The humerusfractures come from violent injuries such as traffic accidents or motor sports, but can occur in older people with minor injuries. They are characterized by angular and rotational defects of the arm and may be associated with paralysis of the radial nerve which has a path very close to the humerus. This complication translates into the inability to pull the wrist back and extend the thumb on the affected side. It should be noted that the vast majority (> 90%) of these paralysis are transient, fully recovering, but the recovery period may extend to 6 months. Whether the paralysis is pretreatment or after surgical treatment, no electromyographic examination is required before 3 weeks. This confirms the diagnosis we have already made clinically and serves as a comparative standard for subsequent examinations but in the initial phase does not change our attitude towards the large percentage of spontaneous recoveries translates into vigilance and attitudes that prevent the development of stiffness and positions. vicious fist. During the period of paralysis it is necessary to use a splint and to perform physical therapy.

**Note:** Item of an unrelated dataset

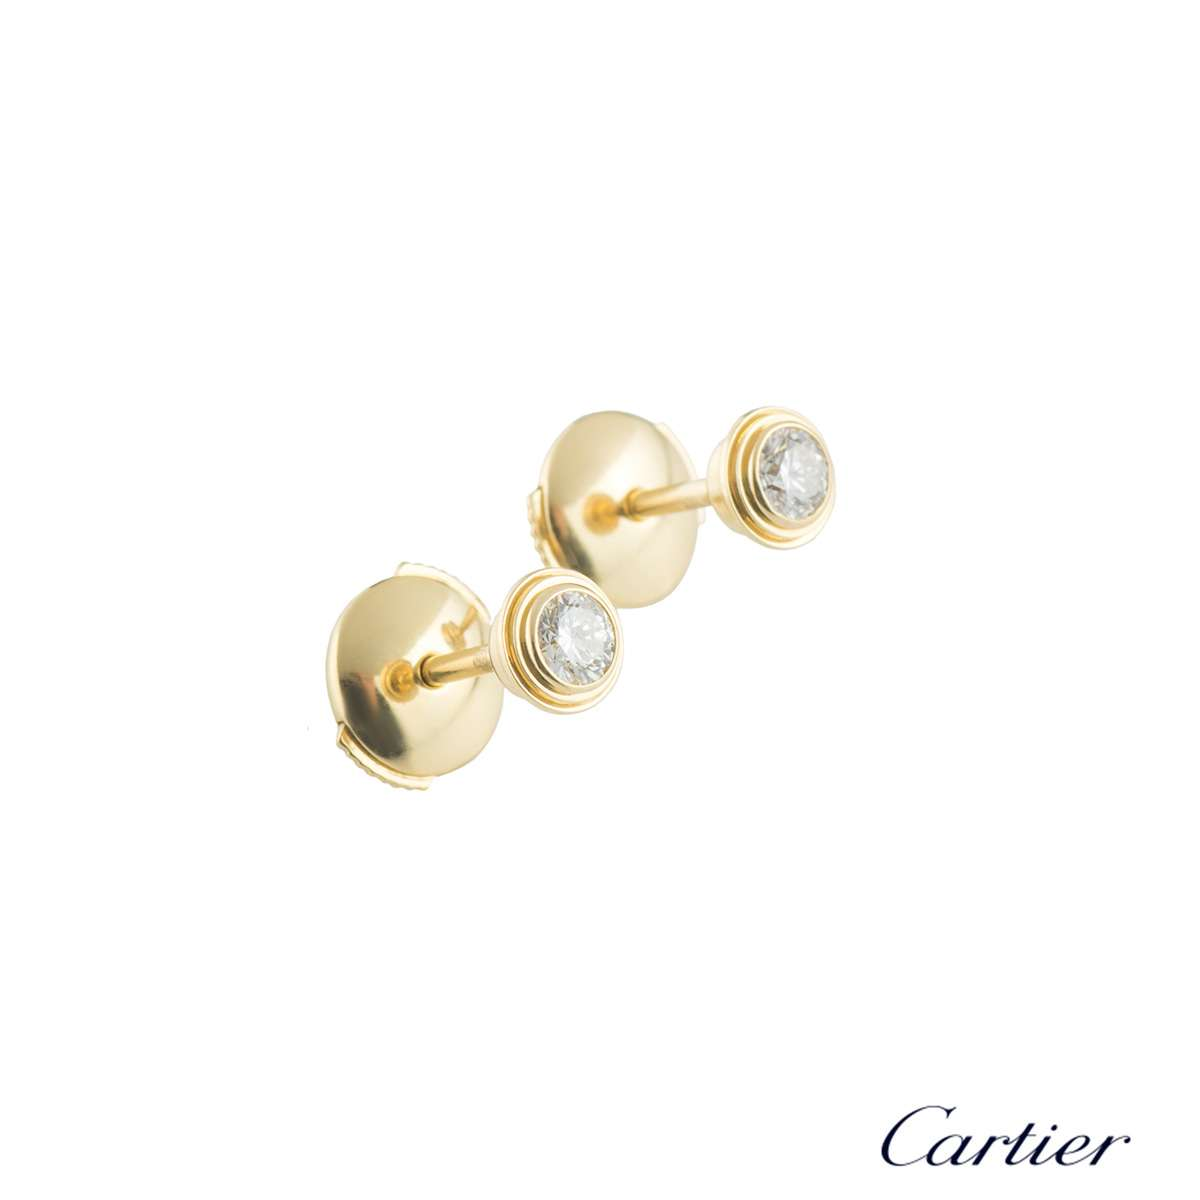 Cartier Yellow Gold Legers Diamond Earrings B8041600

The treatment of humeral fractures can be conservative (non-surgical) or surgical. The decision is made taking into account the type of fracture trace, the number of fragments and the anatomical location of the fracture. In conservative treatment the immobilization can be done with a plaster or with a Gerdy, again according to the characteristics of the fracture and usually lasts at least up to six weeks.

The surgical treatment once again aims at the correct positioning of the bone fragments and a fixation that allows an early mobilization. Two different systems can be used. The plates, which is rarer or the dowels. These are approximately humeral length metal rods that ensure alignment and length and are complemented with transverse screws to ensure correct rotation.

The elbow fractures 

The elbow fractures are of various types and may or may not be associated with dislocation of the elbow.

The simplest fractures are olecranon fractures and radial tacicle fractures. The first, unless there is complete coaptation (the bone is only cracked), have surgical indication. In most cases a voltage band device is used which enables early mobilization. Radial tactical fractures if they have separate fragments or with a certain angle may have surgical indication. Depending on the type of fracture, we can only remove the fragment, remove the entire tacicle, assemble and fix the fracture using a plate and screws, or replace it with a prosthesis. Consistently treating these fractures has a good functional outcome.

More complex is the association of these fractures with elbow dislocation. In this case, ligament injuries are associated that need to be evaluated and sometimes repaired.

Also complex are fractures of the distal end of the humerus due to the number and size of the fragments that constitute the fracture. These are fractures that in most cases have surgical treatment and require a complex surgical technique that aims at the correct fixation of the fragments using plates and screws. This technique allows early mobilization to avoid significant decreases in mobility.

The fractures of the forearm bones

The fractures of the forearm bones can occur with only a fractured bone or associated fractures of both bones. These work together and it is therefore essential that the anatomical relationships be maintained between them. For this reason, these fractures almost always require surgical intervention. Except in children the treatment is done with plates and screws since it is essential that with a direct approach the anatomy is restored.